London-based orchestra

The Chamber Orchestra of Europe (COE), established in 1981, is an orchestra whose office is based in London. The orchestra comprises about 60 members from across Europe. The players pursue parallel careers as international soloists, members of chamber groups and as tutors and teachers of music. The orchestra receives substantial support from the Gatsby Charitable Foundation, the Underwood Trust and a number of other Friends; they have no single home resident hall and no appointed resident conductor. The orchestra is a registered charity under English law.

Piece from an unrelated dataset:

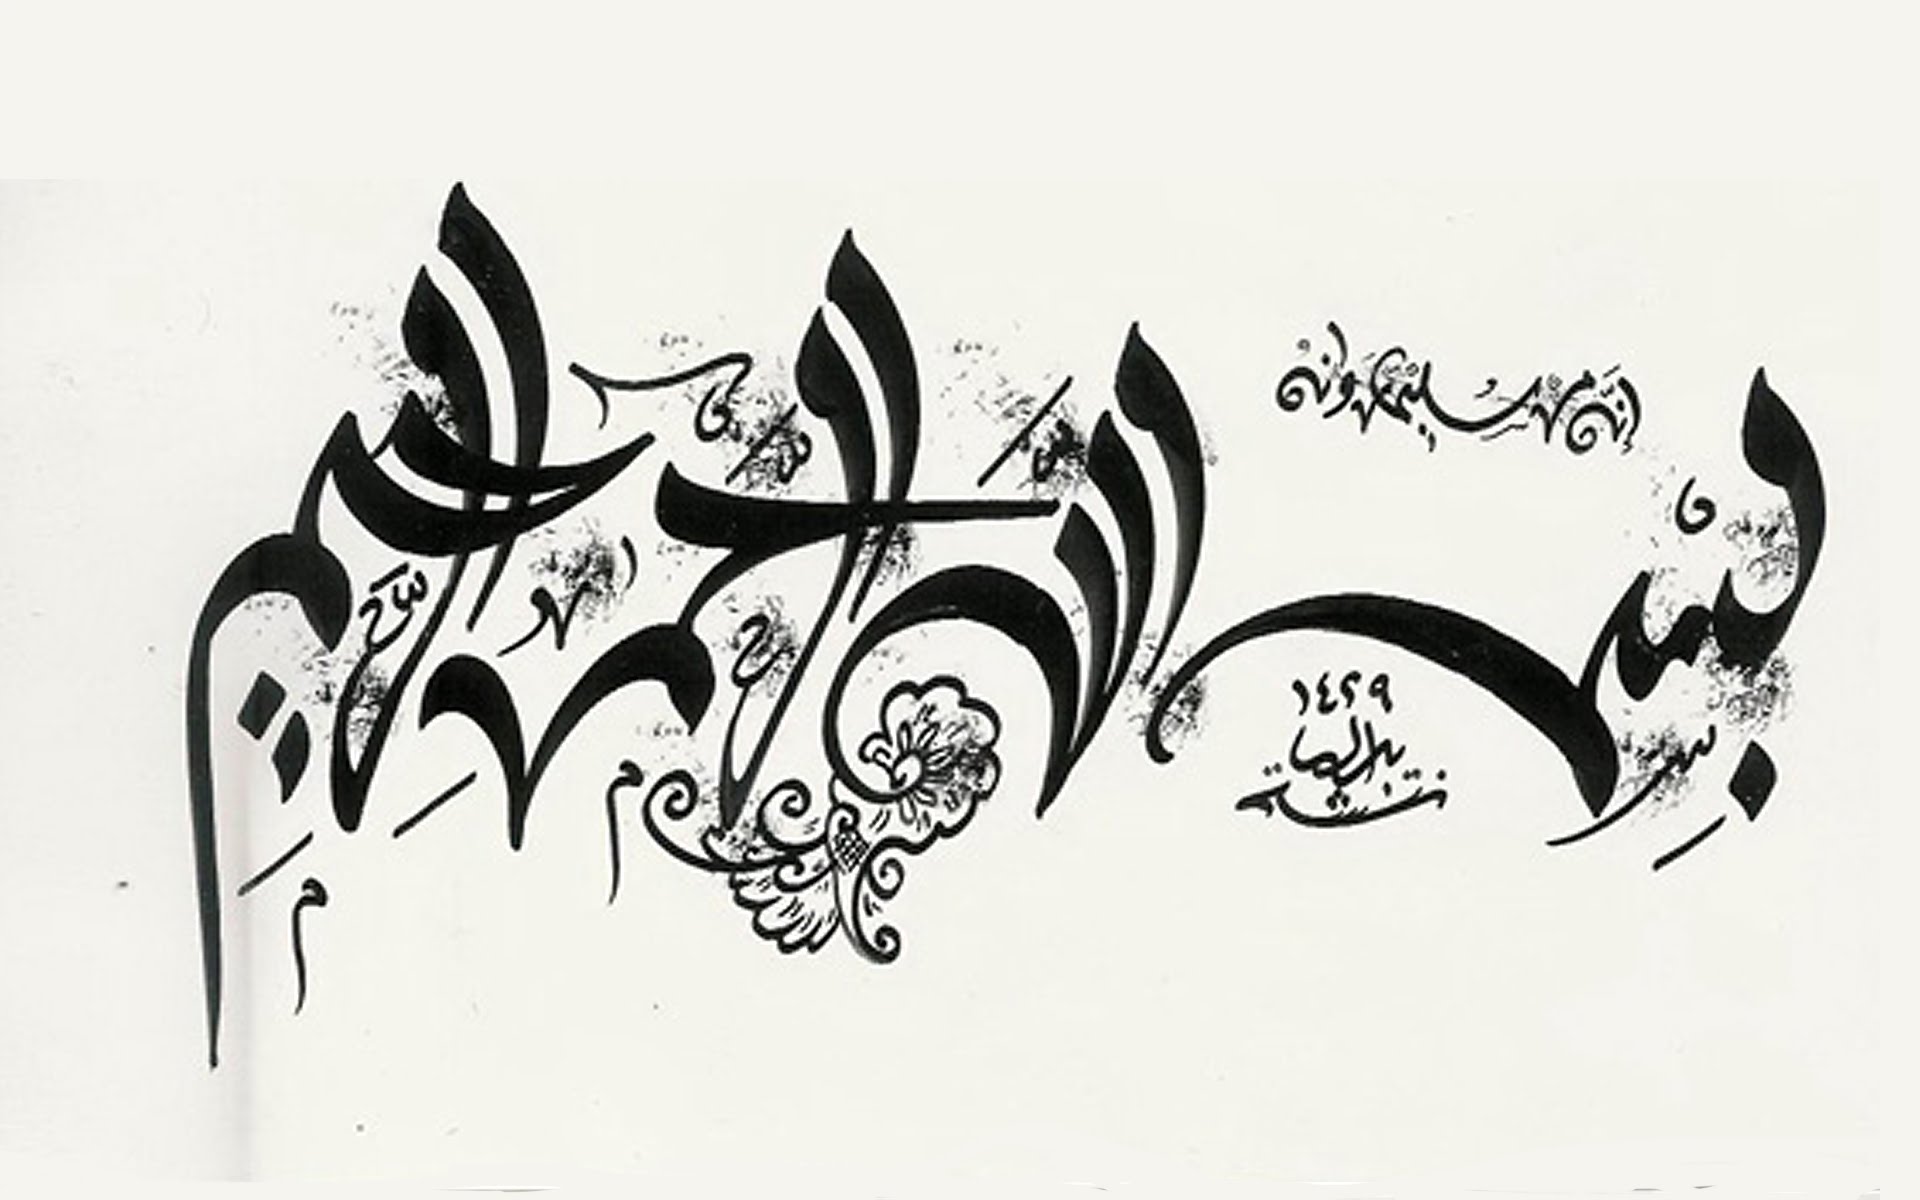 اجمل خطوط عربية للفوتوشوب , صور خطوط عربية لبرنامج الفوتوشوب رسائل حب

The idea for the COE came from musicians in the European Community Youth Orchestra, from members who were past the age limit for the ECYO and who wanted to continue working together in a chamber orchestra context. The founding members included the oboist Douglas Boyd, who served as the COE's principal oboist from 1981 to 2002. Over the years the COE has developed strong relationships with Claudio Abbado, Bernard Haitink and Nikolaus Harnoncourt, together with Thomas Adès, Pierre-Laurent Aimard, Emanuel Ax, Lisa Batiashvili, Joshua Bell, Paavo Berglund, Renaud Capuçon and Gautier Capuçon, Isabelle Faust, Janine Jansen, Vladimir Jurowski, Leonidas Kavakos, Yannick Nézet-Séguin, Sakari Oramo, Murray Perahia, Maria João Pires, Sir András Schiff and Rolando Villazon among others.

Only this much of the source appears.